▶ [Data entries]
»»
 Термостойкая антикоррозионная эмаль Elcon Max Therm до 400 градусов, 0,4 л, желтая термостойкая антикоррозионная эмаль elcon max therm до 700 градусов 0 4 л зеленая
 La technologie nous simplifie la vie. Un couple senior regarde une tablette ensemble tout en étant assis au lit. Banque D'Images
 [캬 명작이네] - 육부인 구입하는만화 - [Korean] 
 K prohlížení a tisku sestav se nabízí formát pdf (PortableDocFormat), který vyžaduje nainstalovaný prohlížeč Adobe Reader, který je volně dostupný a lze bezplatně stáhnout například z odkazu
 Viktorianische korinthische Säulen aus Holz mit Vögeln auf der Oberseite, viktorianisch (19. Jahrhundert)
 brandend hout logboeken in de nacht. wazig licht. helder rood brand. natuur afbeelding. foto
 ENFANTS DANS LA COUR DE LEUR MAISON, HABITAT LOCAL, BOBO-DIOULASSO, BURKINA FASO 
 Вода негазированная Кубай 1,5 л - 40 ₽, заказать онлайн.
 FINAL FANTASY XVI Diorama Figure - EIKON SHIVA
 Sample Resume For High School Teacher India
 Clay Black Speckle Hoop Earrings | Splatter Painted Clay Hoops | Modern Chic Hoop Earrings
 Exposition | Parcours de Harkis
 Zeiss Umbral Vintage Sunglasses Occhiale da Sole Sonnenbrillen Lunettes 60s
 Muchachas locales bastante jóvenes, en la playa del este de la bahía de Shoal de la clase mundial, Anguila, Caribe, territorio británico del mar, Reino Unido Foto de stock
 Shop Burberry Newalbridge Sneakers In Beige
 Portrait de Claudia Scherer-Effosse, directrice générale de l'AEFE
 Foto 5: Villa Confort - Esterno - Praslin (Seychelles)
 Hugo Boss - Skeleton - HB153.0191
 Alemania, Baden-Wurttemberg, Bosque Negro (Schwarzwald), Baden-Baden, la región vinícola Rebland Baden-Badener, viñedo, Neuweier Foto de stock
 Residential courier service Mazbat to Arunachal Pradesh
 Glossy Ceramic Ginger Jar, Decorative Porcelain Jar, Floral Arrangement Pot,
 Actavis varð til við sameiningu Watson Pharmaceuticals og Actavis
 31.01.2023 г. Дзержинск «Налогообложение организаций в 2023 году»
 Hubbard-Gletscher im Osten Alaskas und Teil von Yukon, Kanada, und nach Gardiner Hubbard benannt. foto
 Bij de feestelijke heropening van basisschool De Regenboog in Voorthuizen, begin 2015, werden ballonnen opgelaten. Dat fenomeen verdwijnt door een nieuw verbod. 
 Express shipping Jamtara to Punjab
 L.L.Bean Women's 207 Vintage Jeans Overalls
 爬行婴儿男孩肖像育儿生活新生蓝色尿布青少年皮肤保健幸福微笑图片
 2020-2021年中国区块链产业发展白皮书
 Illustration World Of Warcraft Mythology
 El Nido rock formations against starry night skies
««
The answer should consist solely of the lines from the first line above through the one with "K prohlížení a", both included, repeated exactly.

▶ [TASK RESPONSE]
 Термостойкая антикоррозионная эмаль Elcon Max Therm до 400 градусов, 0,4 л, желтая термостойкая антикоррозионная эмаль elcon max therm до 700 градусов 0 4 л зеленая
 La technologie nous simplifie la vie. Un couple senior regarde une tablette ensemble tout en étant assis au lit. Banque D'Images
 [캬 명작이네] - 육부인 구입하는만화 - [Korean] 
 K prohlížení a tisku sestav se nabízí formát pdf (PortableDocFormat), který vyžaduje nainstalovaný prohlížeč Adobe Reader, který je volně dostupný a lze bezplatně stáhnout například z odkazu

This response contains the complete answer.